An agent reading this should correctly:

[ ] Pre-flight chatDriveAvailable() before push?
[ ] Tune waitForFirstFrame for backend + 1000ms React poll lag?
[ ] Audit by screenshot Read, NOT lib return values?
[ ] Keep both snappy-chat and head-screen alive?
[ ] Use resetChatUI() (not peekaboo) between scenarios?
[ ] Restart server after any server.ts edit (tsx no hot-reload)?
[ ] Serialize pushes; wait for RUN_FINISHED before next?
[ ] Drain with /chat-inject-flush before QA tests?
[ ] Know React pre-fetches (no callback on dispatch complete)?
[ ] Activate app via osascript before screenshot on secondary Space?
[ ] Know resetChatUI() does NOT flush (pre-flush if stale items queued)?
[ ] Check pgrep claude.*-p for competing queue consumers?

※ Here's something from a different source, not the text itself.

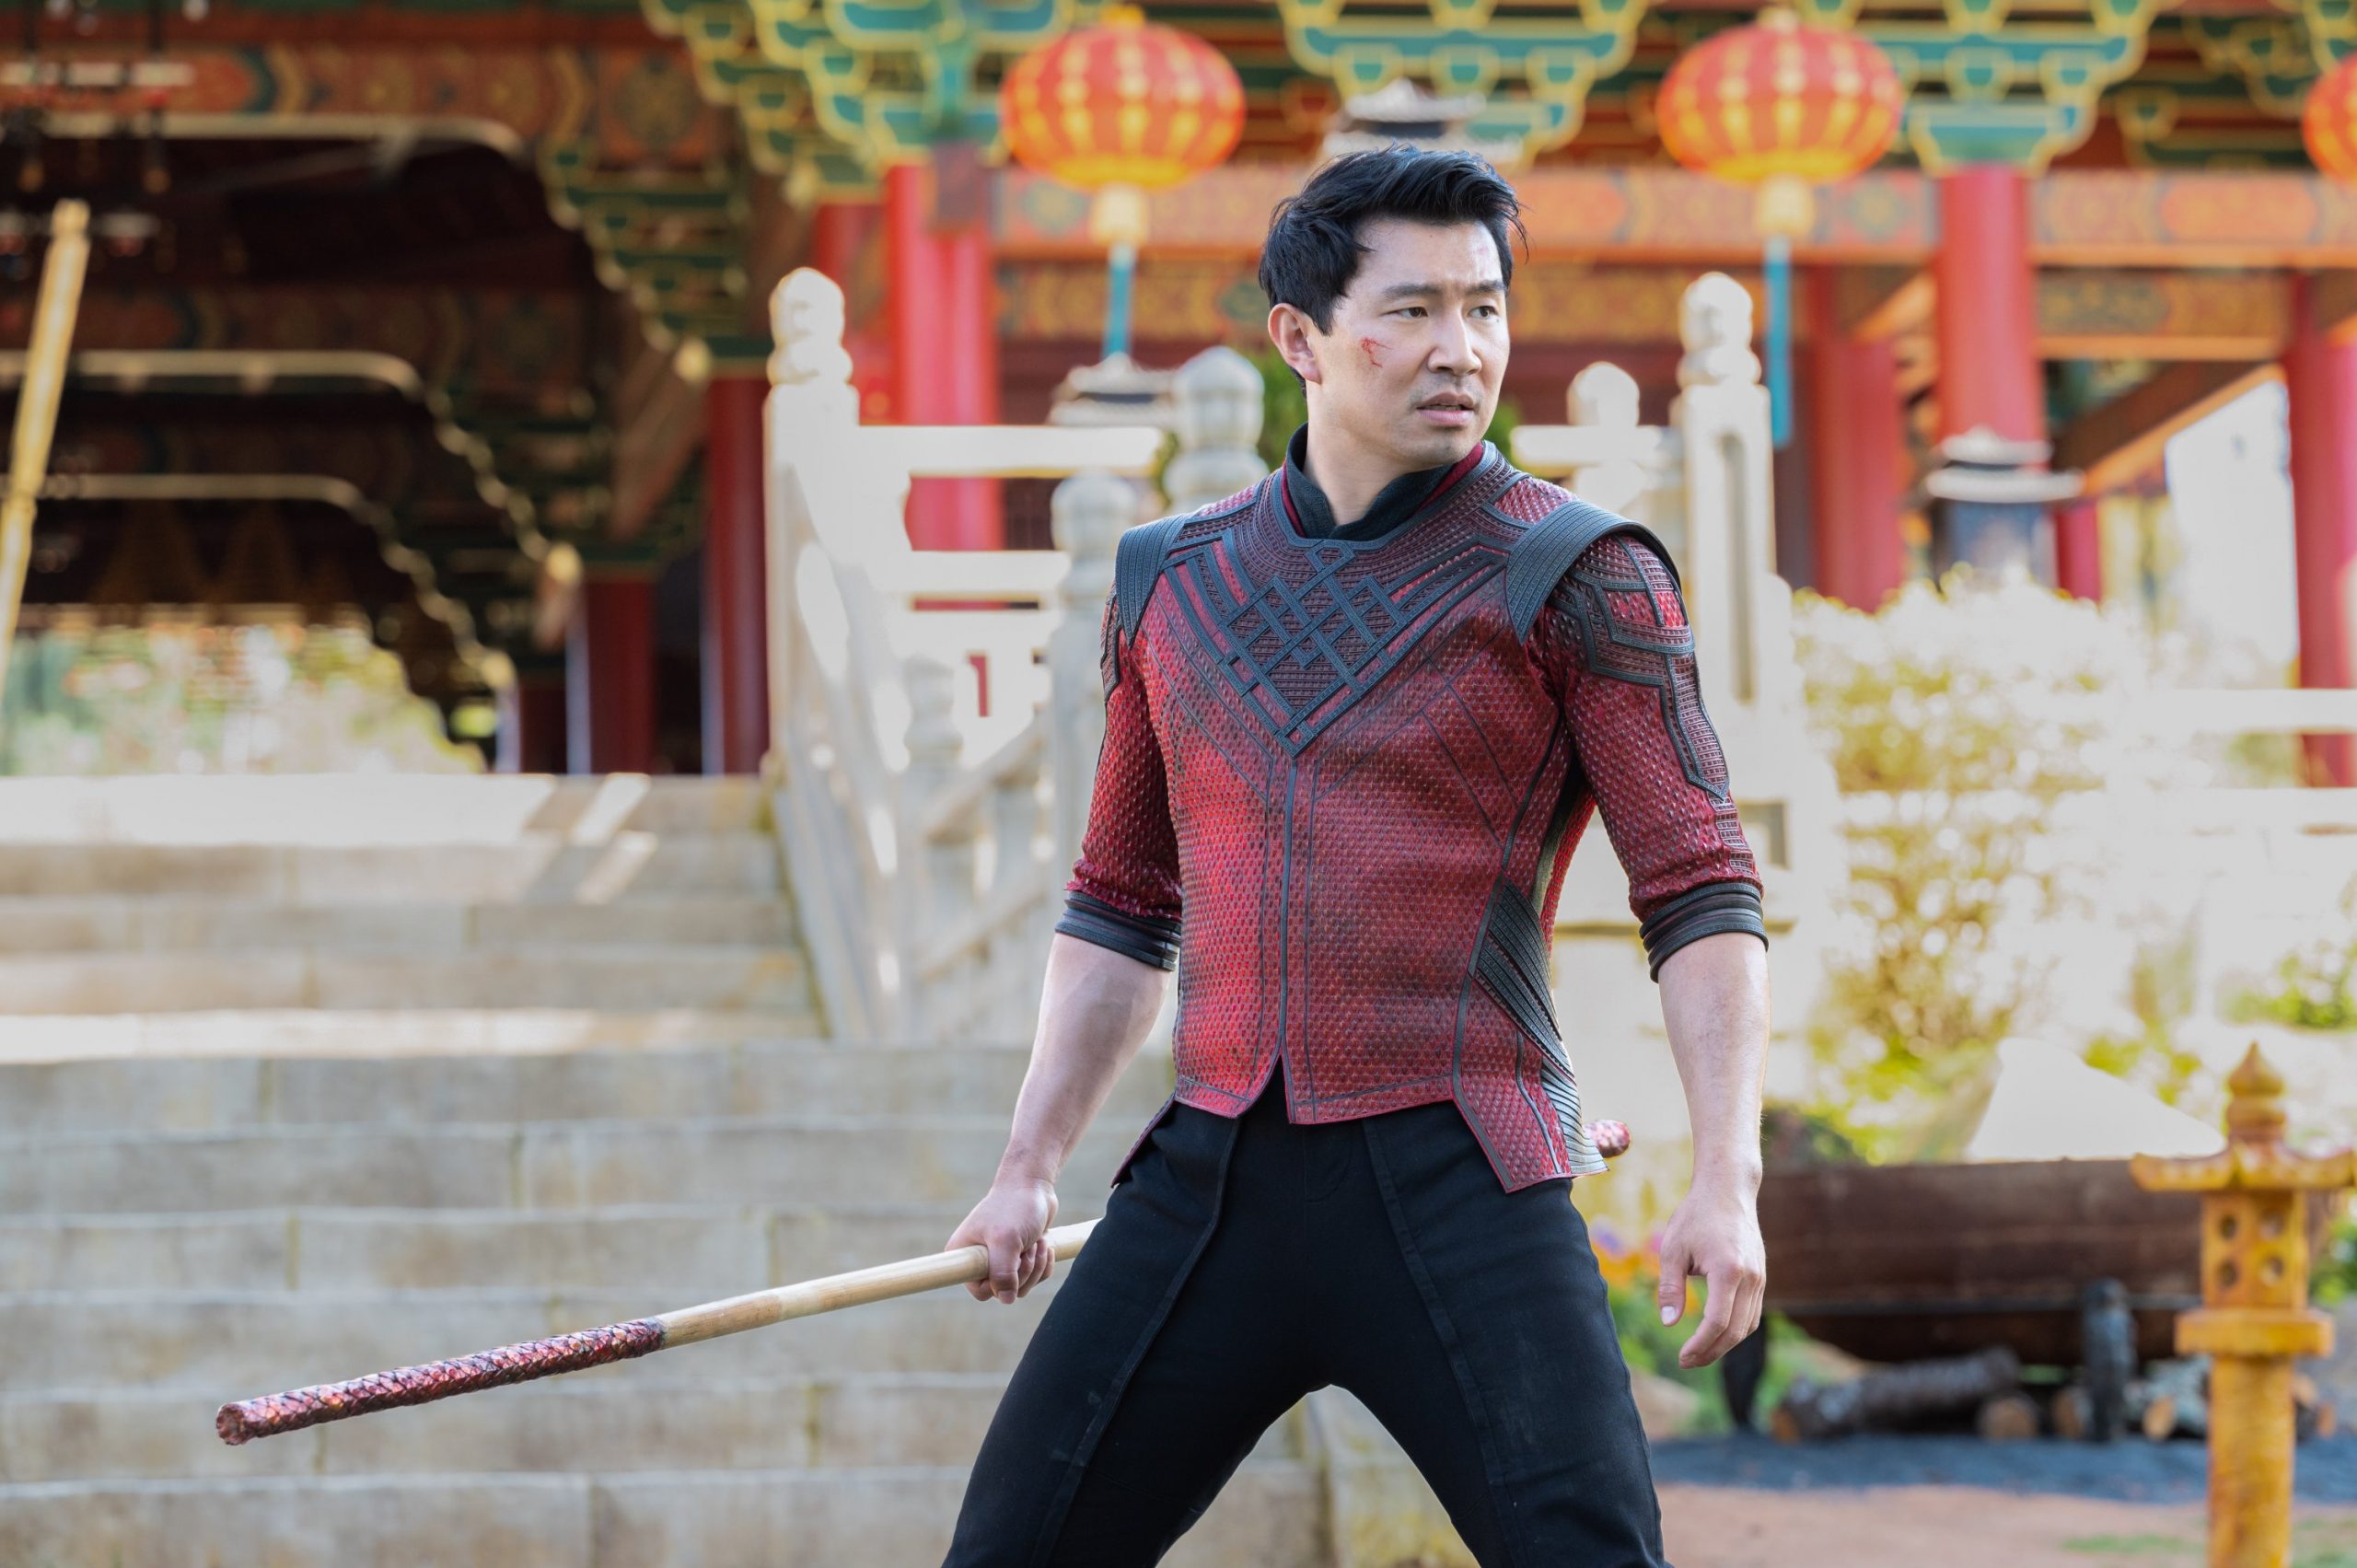 'Shang-Chi' tops box office again with $35.8 million

Self-correcting loader (PID feedback)

This is the rule that makes loaders learn. Ported from snappy-kernel, where it demonstrably worked: the snappy-dom-cartographer skill mapped Skool admin UI once, every later ship-agent inherited the full map for free.

Before you finish, do two things:

1. Fix gaps (P - proportional). MANDATORY. If this loader didn't cover your case, you MUST attempt an Edit to this AGENTS.md before you log.

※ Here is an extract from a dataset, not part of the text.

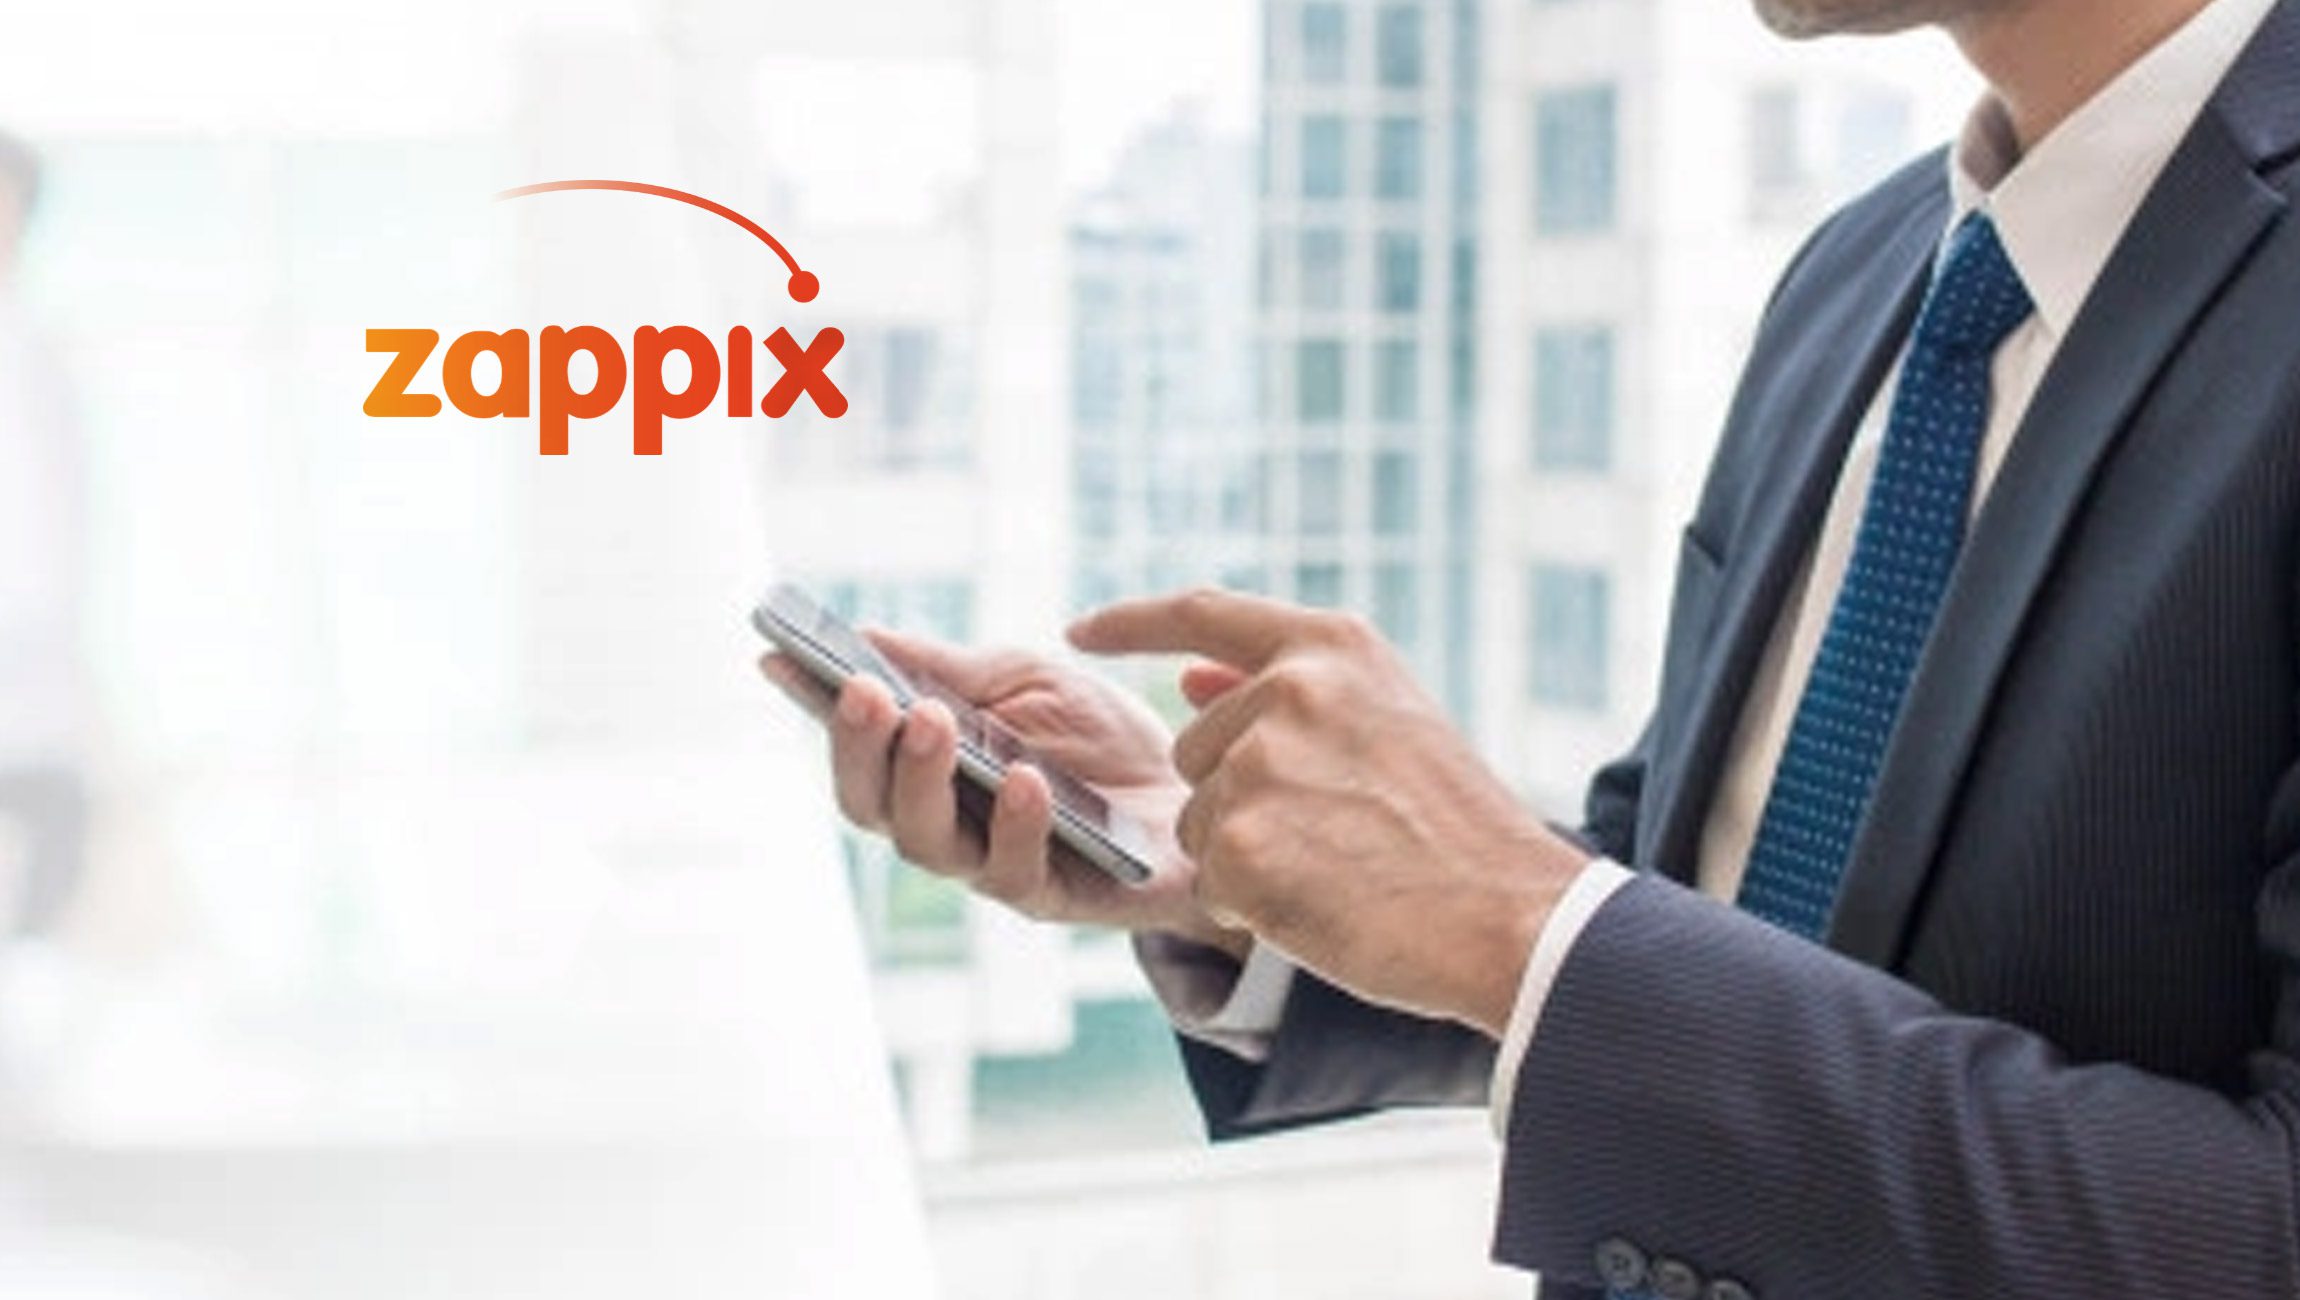 Zappix Signs Two New Customers Through a Strategic Partnership as Self-Service Demand Rises

Default action: edit this file. Surgical. Add the missing line, table row, or code example.
Only LOGGED is allowed when: the fix needs >10 lines or spans multiple files.
The goal: the next agent never has to leave the loader.

2. Log the result.

echo "[$(date -u +%FT%TZ)] chat-drive: <what was missing or fixed> [FIXED|LOGGED] action_kind=<kind>" >> state/log/loader-feedback.log

Do not skip this. Every agent run must leave the system better than it found it.

OpenUI Resource

Skill-owned OpenUI Lang resource: state/skills/chat-drive/resources/ui.openui. Read it before rendering or editing this skill's generated component surface.
Treat this resource as a first-class artifact of the skill, not a generic chat response. Improve it when the skill's user-facing output needs to become richer.
System resources compose OpenUI primitives and inherit SnappyChat tokens. Use ui_contract: branded in SKILL.md only for deliberate platform or client visuals.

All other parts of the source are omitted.